Release: v0.8.0 (Stage E4, 2026-04-24)

Gate status: BACKEND_STAGE_READY = &["valkey", "postgres"]. FF_BACKEND=postgres boots natively; no FF_BACKEND_ACCEPT_UNREADY dev-override. The §9.0 hard-gate still exists in ff-server as defence-in-depth for future backend additions (e.g. SQLite, DynamoDB) but no longer trips on Postgres.

Parity summary at v0.8.0

Family Valkey Postgres Notes
Ingress (create_flow, create_execution, add_execution_to_flow, stage_dependency_edge, apply_dependency_to_child) impl impl Full HTTP parity. http_postgres_smoke exercises all 5 end-to-end.
Flow family (describe_flow, list_flows, list_edges, describe_edge, cancel_flow, set_edge_group_policy) impl impl RFC-v0.7 Wave 4c. cancel_flow accepts all three CancelFlowWait modes (NoWait, WaitTimeout(Duration), WaitIndefinite) on both backends via shared wait_for_flow_cancellation poll (#298).
Flow cancel (cancel_flow_header, ack_cancel_member) impl stub Wave 9 follow-up; Postgres cancel_flow covers the bulk path, the header/ack split lands with cancel-backlog machinery.
Read model (read_execution_info, read_execution_state, get_execution_result) impl stub Wave 9 PG read-model migration.
Operator control (cancel_execution, change_priority, replay_execution, revoke_lease) impl stub Wave 9.
Budget / quota (create_budget, reset_budget, create_quota_policy, get_budget_status, report_usage_admin) impl stub Wave 9.
Scheduler (claim_for_worker) impl impl Stage E3 PostgresScheduler + claim_for_worker trait impl + 6 reconcilers.
Waitpoints (list_pending_waitpoints) impl stub Wave 9.
Admin rotation (rotate_waitpoint_hmac_secret_all) impl impl Shipped pre-v0.10; Postgres path is a single INSERT against ff_waitpoint_hmac(kid, secret, rotated_at) (ground truth: crates/ff-backend-postgres/tests/capabilities.rs:44).
Admin seed (seed_waitpoint_hmac_secret, issue #280) impl impl Idempotent boot-time seed so cairn can drop its raw HSET boot path. Valkey fans out per-partition HSET against the waitpoint_hmac_secrets:{p:N} layout. Postgres INSERTs one row into ff_waitpoint_hmac when no kid is active. AlreadySeeded { same_secret } lets callers distinguish replay from real conflict.
Cross-cutting (backend_label, shutdown_prepare, ping) impl impl

v0.8.0 shipped

  • Stage E1 — Postgres HTTP ingress branch + http_postgres_smoke.
  • Stage E2 — Server::client field retired on Postgres path; cancel_flow_header / ack_cancel_member / read_execution_info / read_execution_state / fetch_waitpoint_token_v07 moved onto the trait (Valkey bodies ported verbatim; Postgres returns Unavailable for the Wave-9 rows).
  • Stage E3 — PostgresScheduler + claim_for_worker trait impl + sibling-cancel, lease-timeout, completion-listener, cancel-backlog, flow-staging, edge-group-policy reconcilers.
  • Stage E4a (this release) — BACKEND_STAGE_READY flip, ServerConfig flat-field removal, legacy waitpoint_token wire field removal, v0.8.0 version bump, CHANGELOG, migration doc.

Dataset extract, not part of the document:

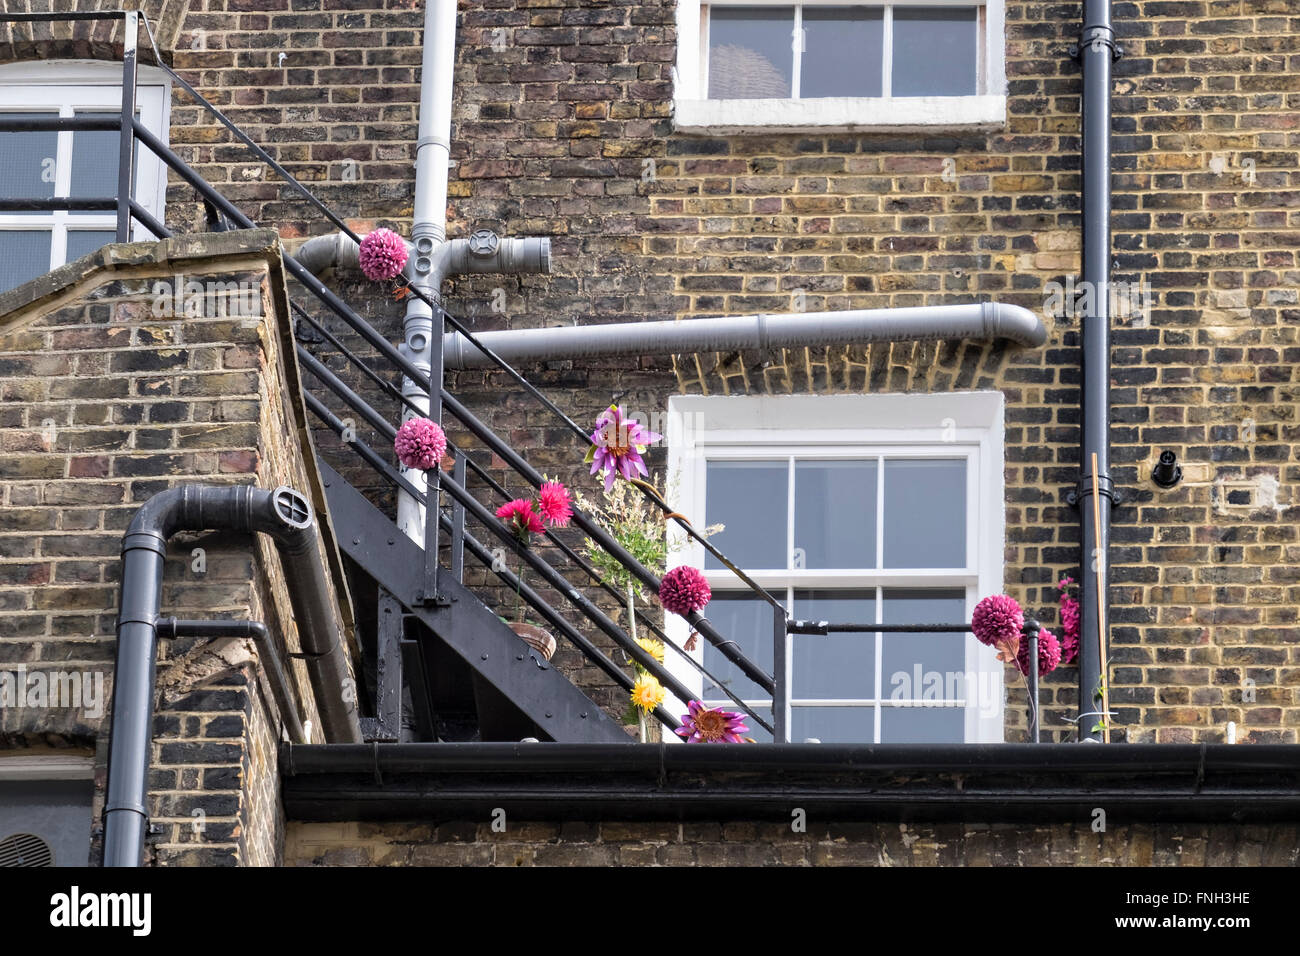 Le printemps est là - fire escape garde-corps de bâtiment décoré avec des fleurs coupées, Londres, Greenwich Banque D'Images
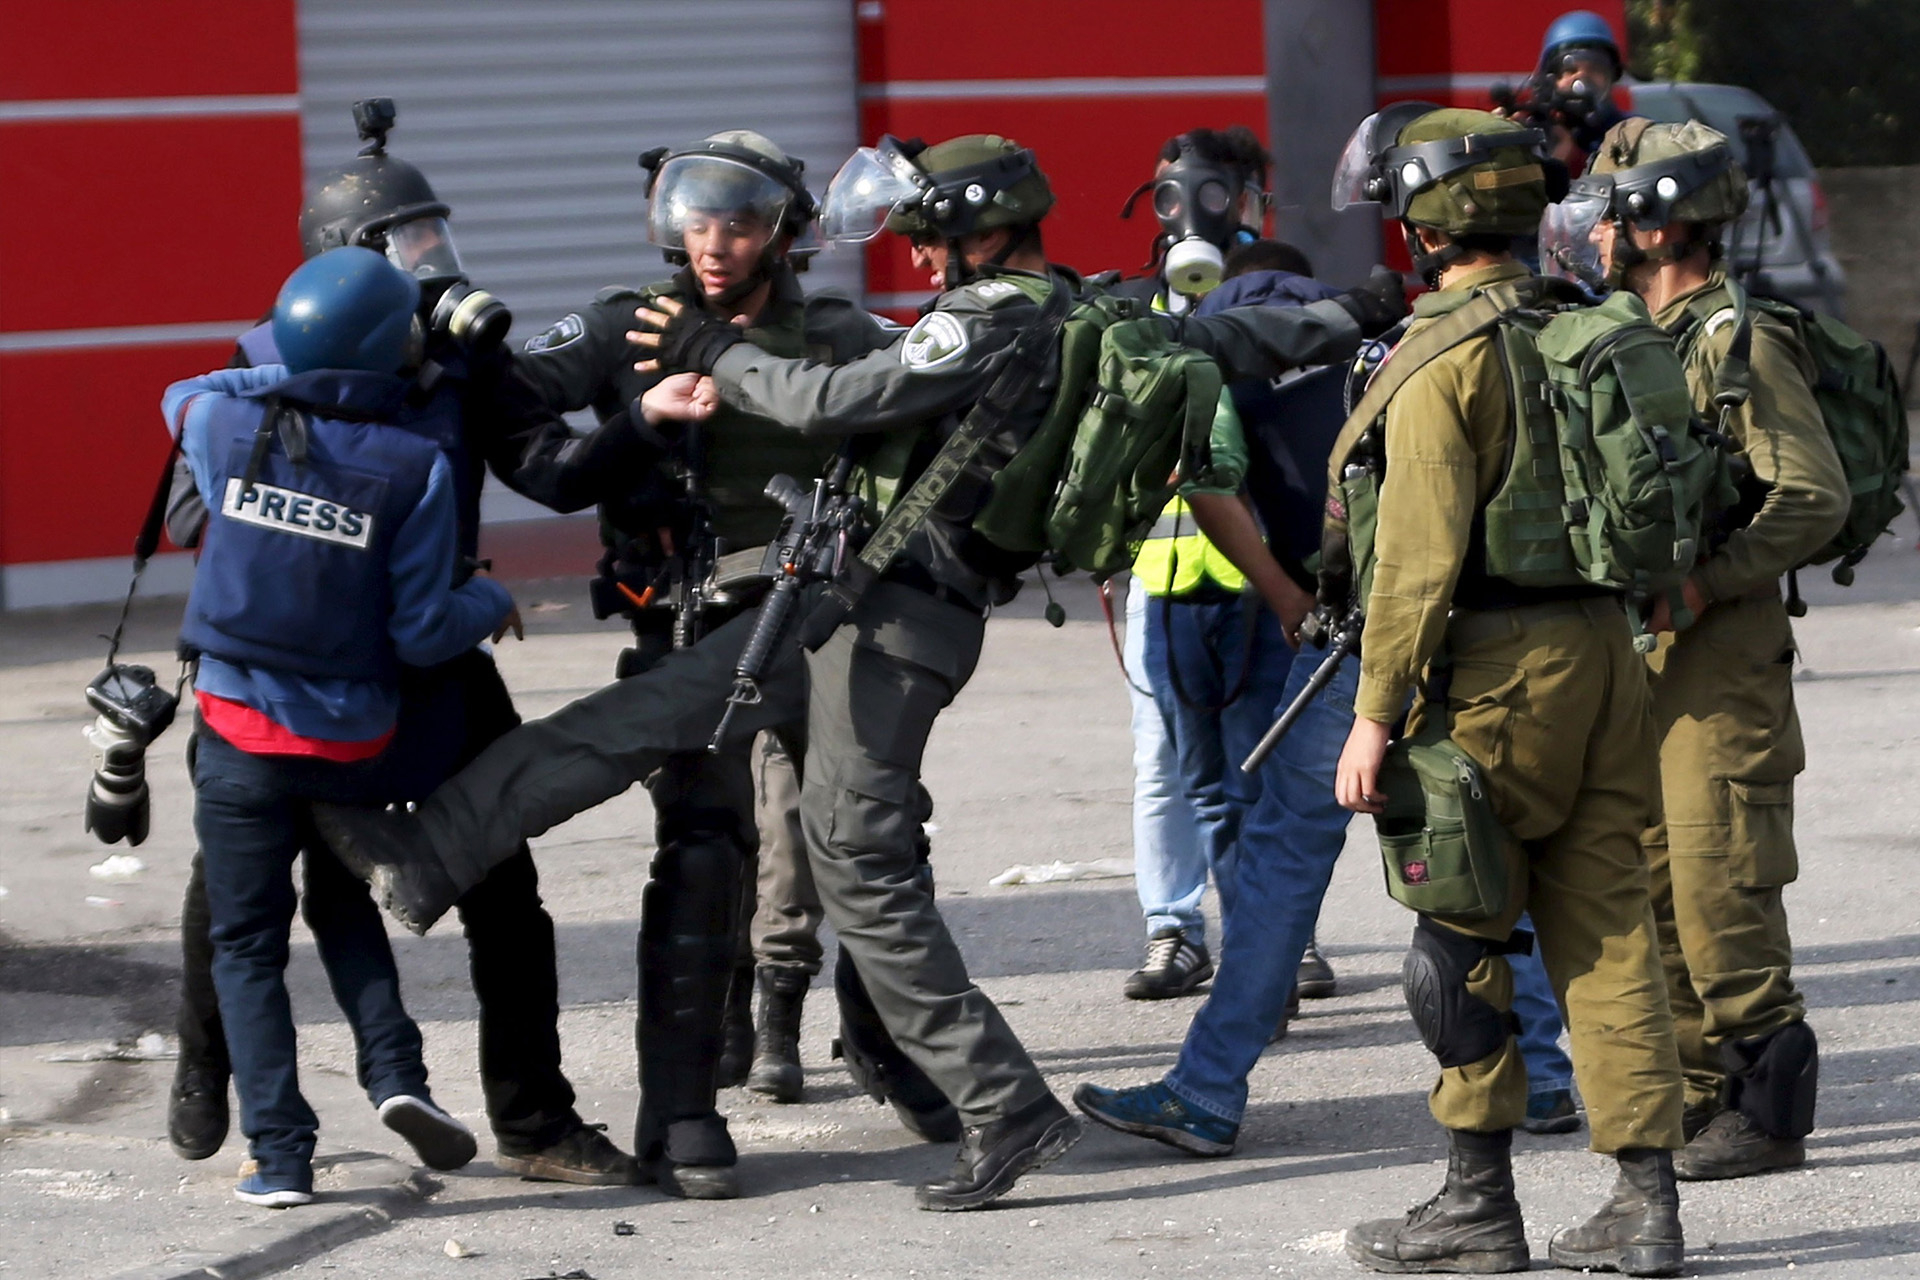 منظمة حقوقية: 4 صحفيات فلسطينيات معتقلات بينهن أم مرضعة | أخبار – البوكس نيوز

RFC-019 Stage A — Stream-cursor subscriptions (4 methods)

Method Valkey Postgres Notes
subscribe_lease_history impl impl Valkey: duplicate_connection() + XREAD BLOCK 5000 STREAMS ff:part:{fp:N}:lease_history <cursor>; cursor is 0x01 ++ ms(BE8) ++ seq(BE8). Postgres: ff_lease_event outbox + LISTEN ff_lease_event; cursor is 0x02 ++ event_id(BE8). Producer sites: attempt::{claim,claim_from_reclaim,renew,complete,fail,delay,wait_children}, suspend_ops::{suspend_impl,claim_resumed_execution_impl}, flow::cancel_flow_once, reconcilers::{attempt_timeout,lease_expiry}. #282 ScannerFilter surface: trait method takes filter: &ScannerFilter; Valkey gates via #122 FilterGate per-event HGET on ff:exec:{p}:<eid>:tags; Postgres filters inline against denormalised namespace/instance_tag columns on ff_lease_event (migration 0008). (Stage B, #308 / #282)
subscribe_completion impl impl Postgres wraps completion::subscribe (ff_completion_event outbox + LISTEN ff_completion), durable via event-id cursor. Valkey (Stage B, #309) wraps the RESP3 ff:dag:completions pubsub subscriber — partial: non-durable cursor (pubsub-backed, at-most-once over the live subscription window). Postgres impl is durable via outbox + cursor. Durable Valkey completion subscription is a separate follow-up if demanded. #282 ScannerFilter surface: trait method takes filter: &ScannerFilter; non-noop filter routes both backends through the existing subscribe_completions_filtered path so multi-consumer isolation matches the #122 design.
subscribe_signal_delivery impl impl Valkey: duplicate_connection() + XREAD BLOCK 5000 STREAMS ff:part:{fp:N}:signal_delivery <cursor>; cursor is 0x01 ++ ms(BE8) ++ seq(BE8). Producer XADD lives in ff_deliver_signal at KEYS[15]. Postgres: ff_signal_event outbox + LISTEN ff_signal_event; cursor is 0x02 ++ event_id(BE8). Producer INSERT lives in suspend_ops::deliver_signal_impl's SERIALIZABLE tx. #282 ScannerFilter surface: trait method takes filter: &ScannerFilter; Valkey gates via the shared #122 FilterGate; Postgres filters in-memory against denormalised namespace/instance_tag columns on ff_signal_event (migration 0009). (Stage B, #310 / #282)
subscribe_instance_tags n/a n/a Audited #311 (2026-04-24) + deferred: cairn's one-shot instance_tag_backfill pattern is served by list_executions + ScannerFilter::with_instance_tag(..) pagination; a realtime tag-churn stream is speculative demand we do not have today. Trait method remains and returns Unavailable on both backends; reserving the surface for future concrete demand. RFC-019 §instance_tags amended.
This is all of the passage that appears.